Suppose we have a random tree where the probability that a node has $n$ successors is given by $\delta(n)$. What is the distribution of the number of nodes at the $s$-th level deep in the tree, $N_s(n)$?
Clearly $N_1(n) = \delta(n)$.
To calculate $N_2(n)$, we could do something like the binomial construction and have $N_2(n) = \delta(n_1) \delta(n_2) F(n, n_1, n_2)$, where $F(n, n_1, n_2)$ something like the choose function, in this case the number of ways that $n = n_1 n_2$.
But how to proceed from here?
An alternative approach, as indicated in my previous comment, is to interpret the random-tree as a branching process:
Let $X_n$ be the number of nodes in generation (depth) $n$. It is standard to show that the generating function of$X_n$ fulfills the following recursion
$G_{n+1}(z) = \mathbb{E}[z^{X_{n+1}}] = G_n(G(z))$
where $G(z) = \mathbb{E}[z^{X}] = \sum_{k\geq 0} \delta(k) z^k$.

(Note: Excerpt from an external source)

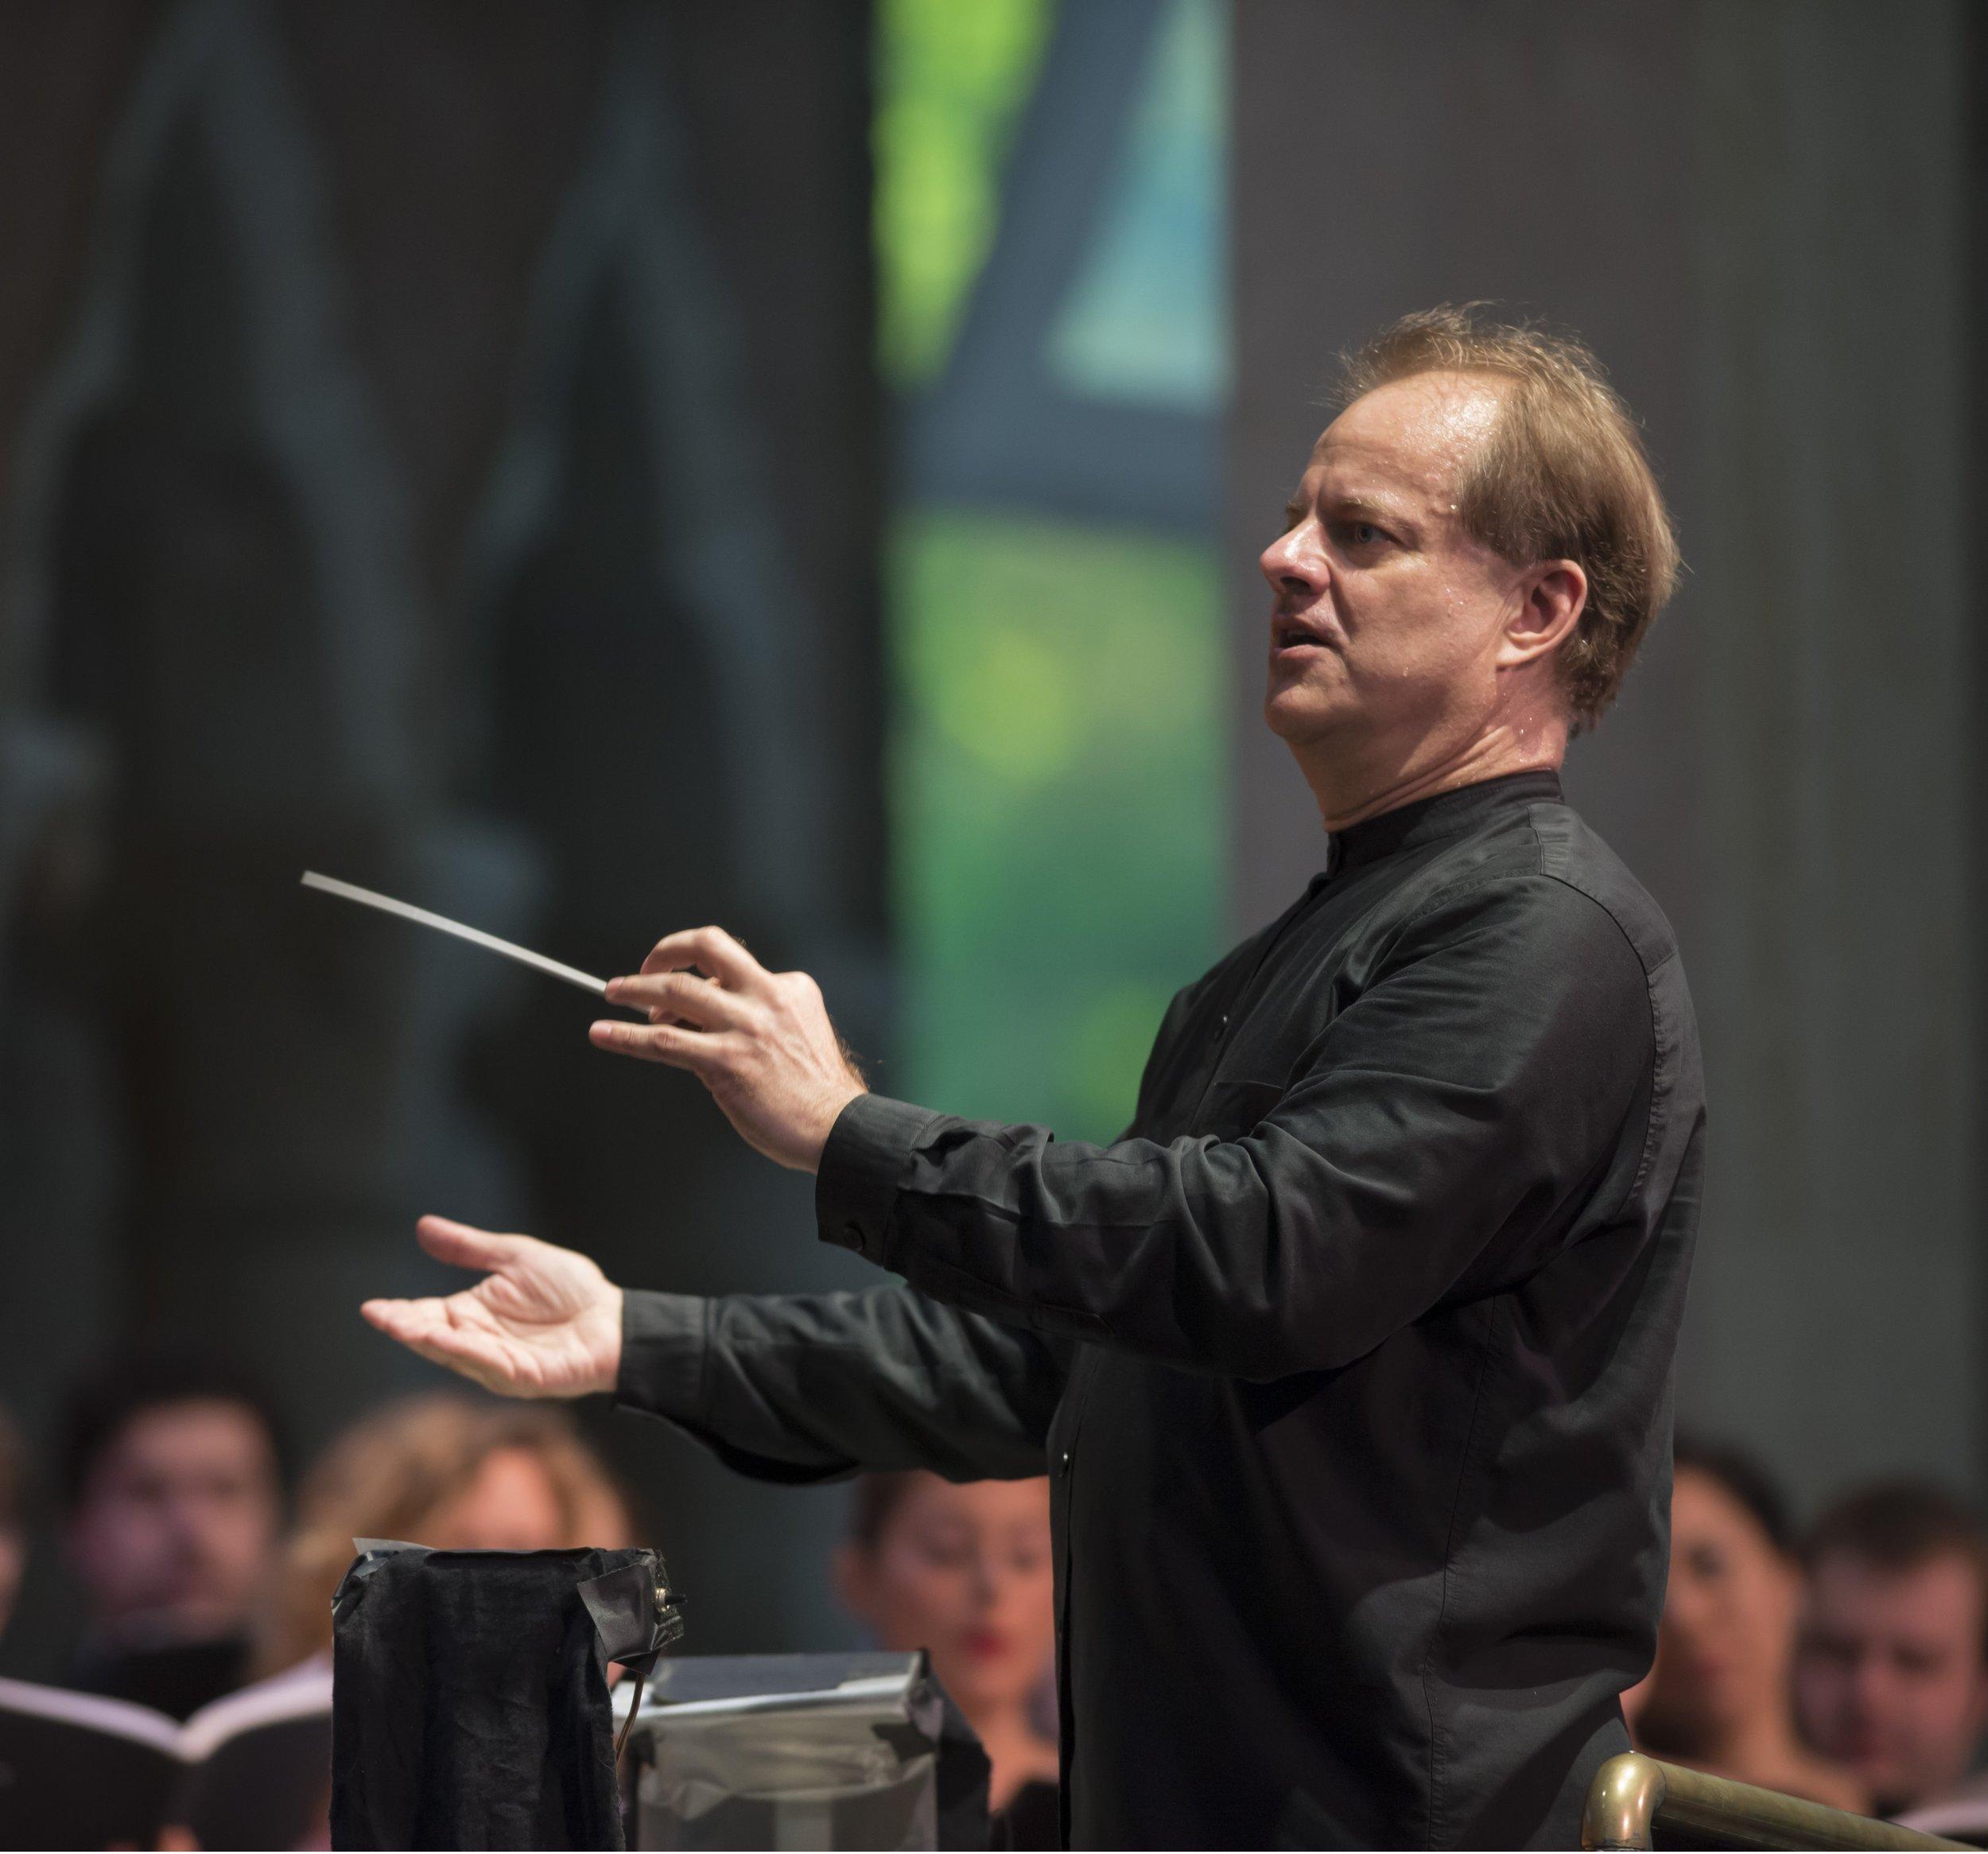 Will Crutchfield conducting Guillaume Tell, photo © Gabe Palacio

$\delta(k)$ is the local offspring probability mass function.
Then once this recursion is solved you can use $\mathbb{P}[X_n = m] = G^{(m)}_n(0)/m!$, here $G^{(m)}$ is the $m$'th derivative w.r.t. $z$.
See for example the chapter about Branching Processes in Grimmett/Welsh "Probability: An Introduction"